The Fourth Estate author took the 2009 Man Booker Prize for Wolf Hall and its sequel was awarded the £50,000 2012 prize yesterday evening (16th October).
She was the bookies' favourite to win, and scooped Twan Eng's The Garden of Evening Mists (Myrmidon Books); Deborah Levy's Swimming Home (And Other Stories/Faber); Alison Moore's The Lighthouse (Salt); Will Self's Umbrella (Bloomsbury); and Jeet Thayil's Narcopolis (Faber).
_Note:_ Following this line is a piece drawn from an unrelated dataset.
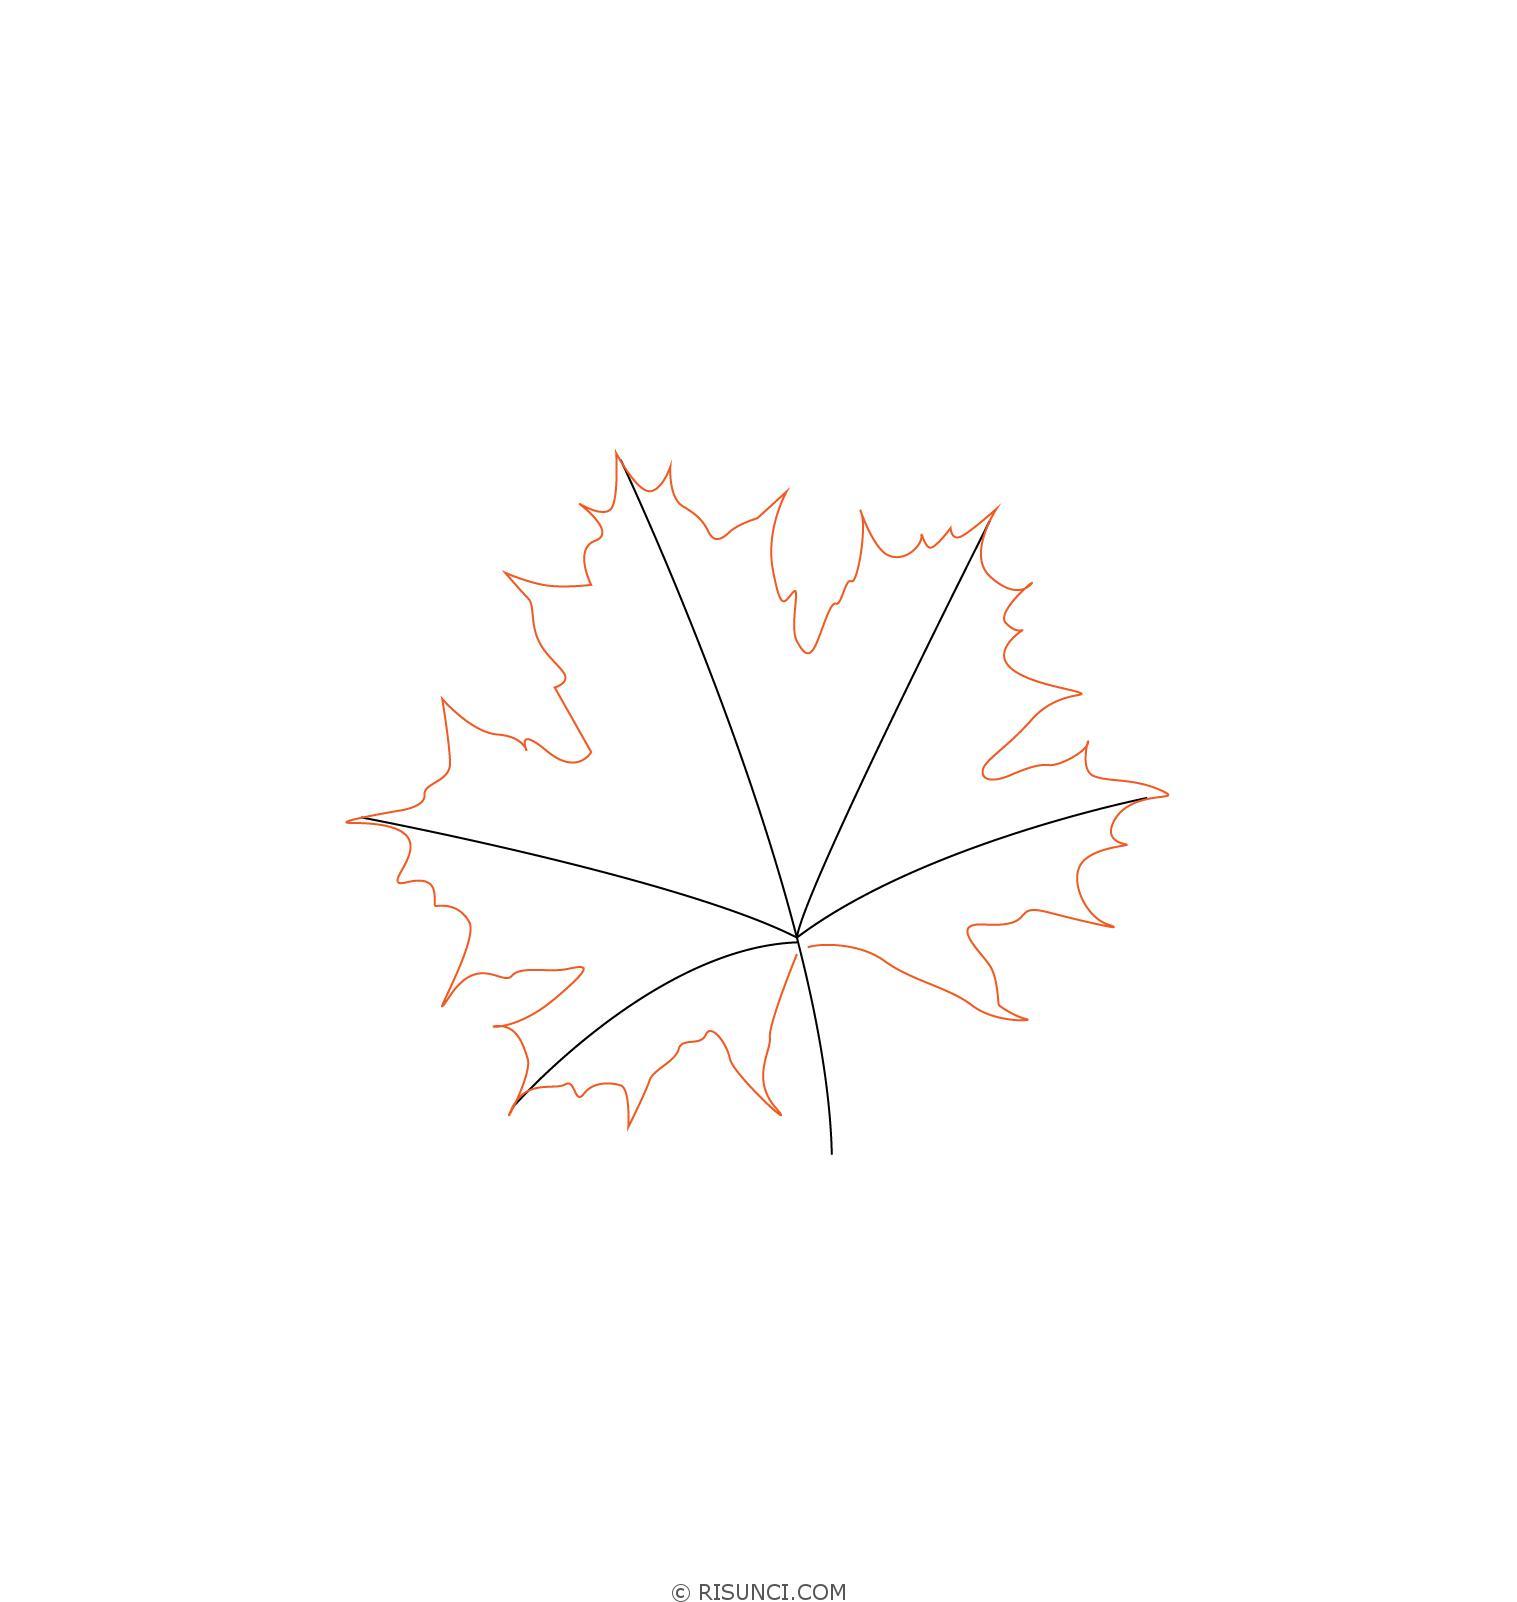 картинки кленовых листьев и как нарисовать

Each of the shortlisted authors takes home £2,500 plus a specially commissioned handbound edition of their book.
Accepting the award, Mantel joked: "You wait 20 years for a Booker Prize, and two come along at once." At the press conference, she added: "It's not the Olympics; you're only as good as your last paragraph, and I've not written one of those today."
Chair of judges Peter Stothard said that the choice of Bring Up the Bodies, the bestselling novel of the shortlist, was "only based on literary judgement, not a bean to do with sales".
Mantel's novel has racked up sales of 118,188 copies since publication, 10,926 since the Booker shortlist was announced. Deborah Levy's Swimming Home follows, selling 12,519 copies so far, 10,428 since the shortlist announcement. According to Nielsen BookScan data, the entire shortlist has sold 158,873 copies since publication.
Wolf Hall has already gathered total sales of £5.4m.
Foyles' Jonathan Ruppin said: "Bring Up the Bodies has remained a strong seller since it was published in May, but this rare double Man Booker win confirms her output as essential reading.
"Mantel has been writing superb fiction for much longer than she has been winning major awards, so many readers will soon discover that she is their new favourite author. There’s every possibility she might pull off a unique treble when she completes the trilogy."
The 2012 judging panel comprised: Dinah Birch, academic and literary critic; Amanda Foreman, historian, writer and broadcaster; Dan Stevens, actor and Bharat Tandon, academic, writer and reviewer, plus chair Peter Stothard.
It is the 44th year of the prize, which began in 1969.